Expanded Pac-10 has potential to benefit students and fans

We would hope a portion of the money generated from a bigger TV package would be used to support education.


College football is big business. And it might get even bigger.

The Pac-10 Conference -- home to Washington State University and the University of Washington -- appear sto be on the cusp of expanding to 16 teams. It looks possible, if not likely, the Big 12 Conference will dissolve and six of its teams will join the conference populated by West Coast colleges.

Texas, Texas Tech, Texas A&M. Oklahoma, Oklahoma State are poised to join the Pac-10 to make a megaconference. Colorado has already joined.

Meanwhile, the Big 10 (home to Michigan, Ohio State and Penn State) is also expanding as it will probably add Nebraska from the Big 12. It also hopes to bring Notre Dame into the fold, a move that would bring an even bigger fan base to an already popular conference.

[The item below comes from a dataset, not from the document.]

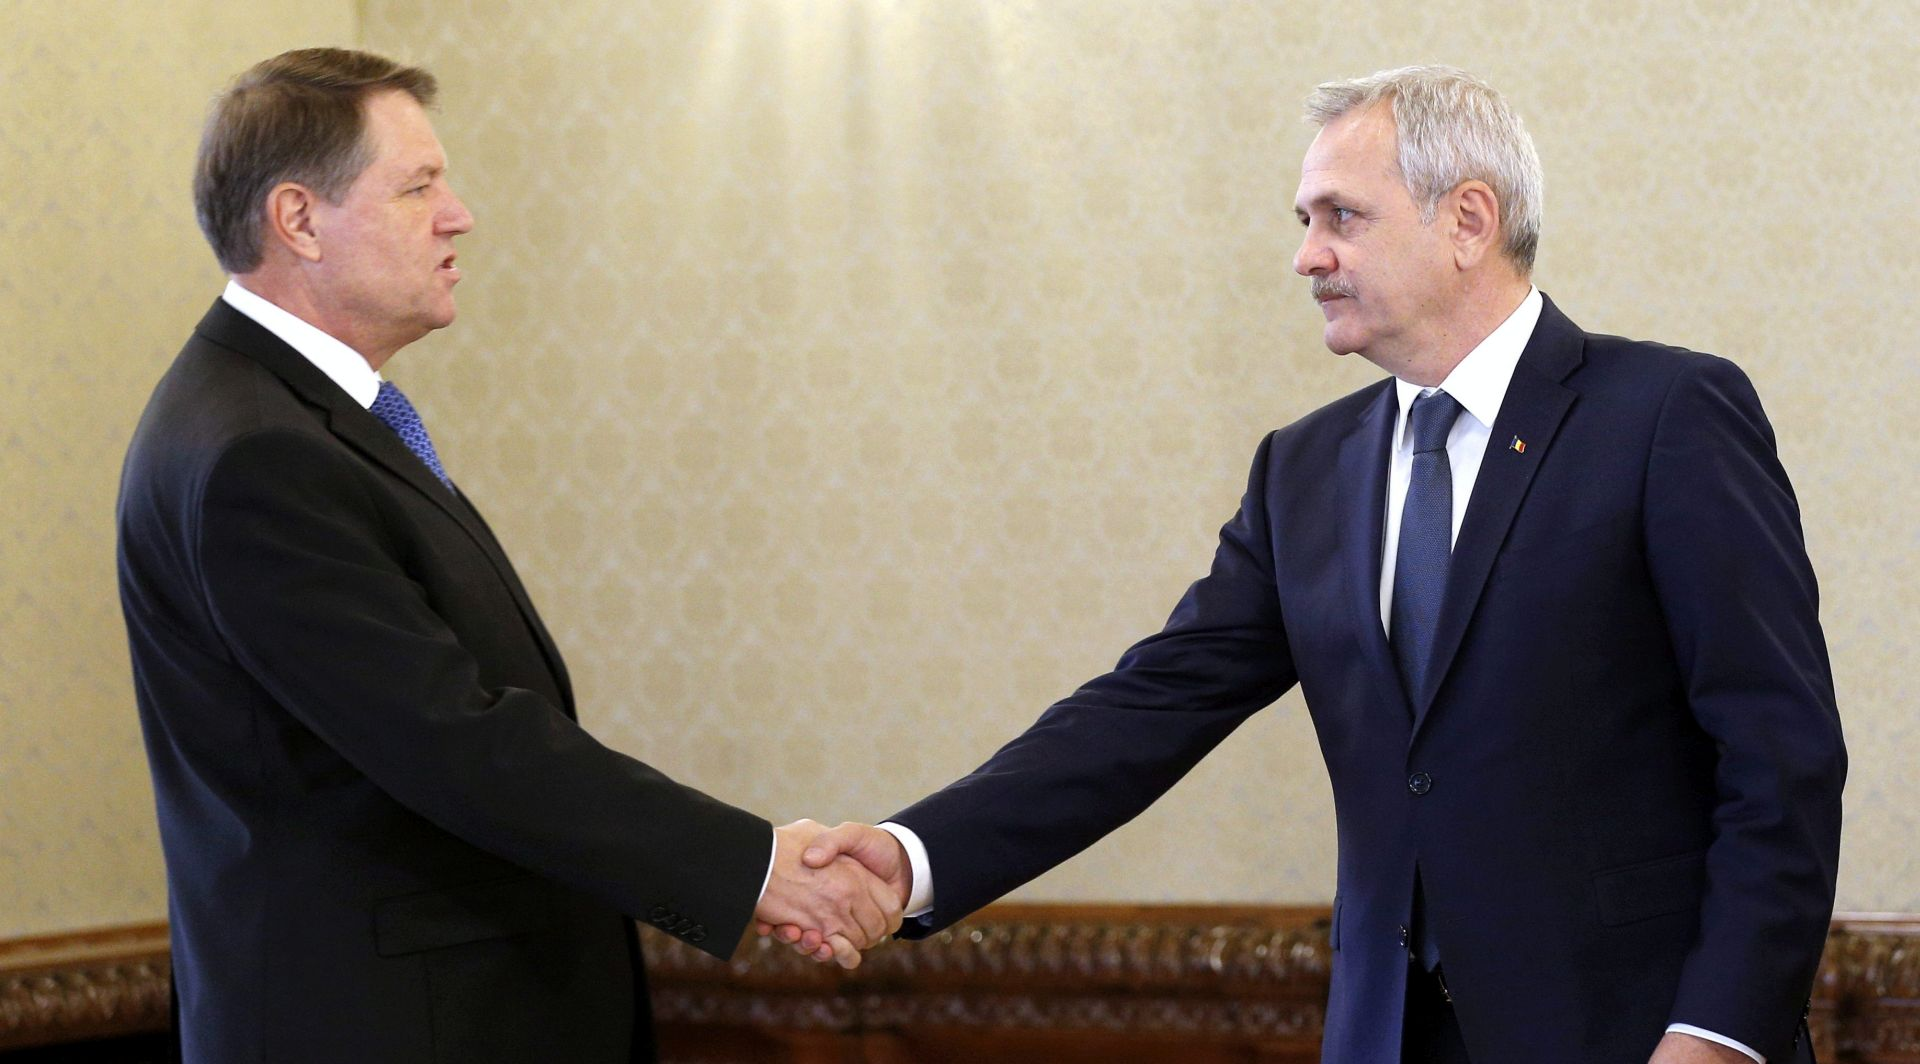 Rumunjski predsjednik ne želi muslimanku za premijerku, odbio joj kandidaturu

This is all being done to make money -- lots of money. It has been estimated the new Pac-16 will garner a TV contract that would pay each of its member schools a minimum of $20 million every year.

It's difficult to say what all this will mean for the small fish, such as WSU, in this new, larger pond. But what is clear is the school could use the money for more than beefing up its athletic facilities.

Now, college athletics is important to schools and their student body. Competition with other schools creates a sense of pride and generates enthusiasm. It's a way to foster a sense of community at an institution with 20,000 or more students and keep alumni involved.

Most college sports programs don't make money. Football and basketball are the only sports that generate revenue. And football is the sport that brings in serious cash.

If this expansion plan comes to fruition, we hope steps are taken to make sure the new money generated can be used to level the playing field to give smaller schools such as WSU an opportunity to compete with football giants such as USC and Texas.

But the education piece cannot be ignored. As state government continues to cut its support for higher education, some football revenue should be put into supporting and enhancing education.

The expansion of the Pac-10 could do more than make college football exciting for fans, it could give WSU and UW some needed financial stability.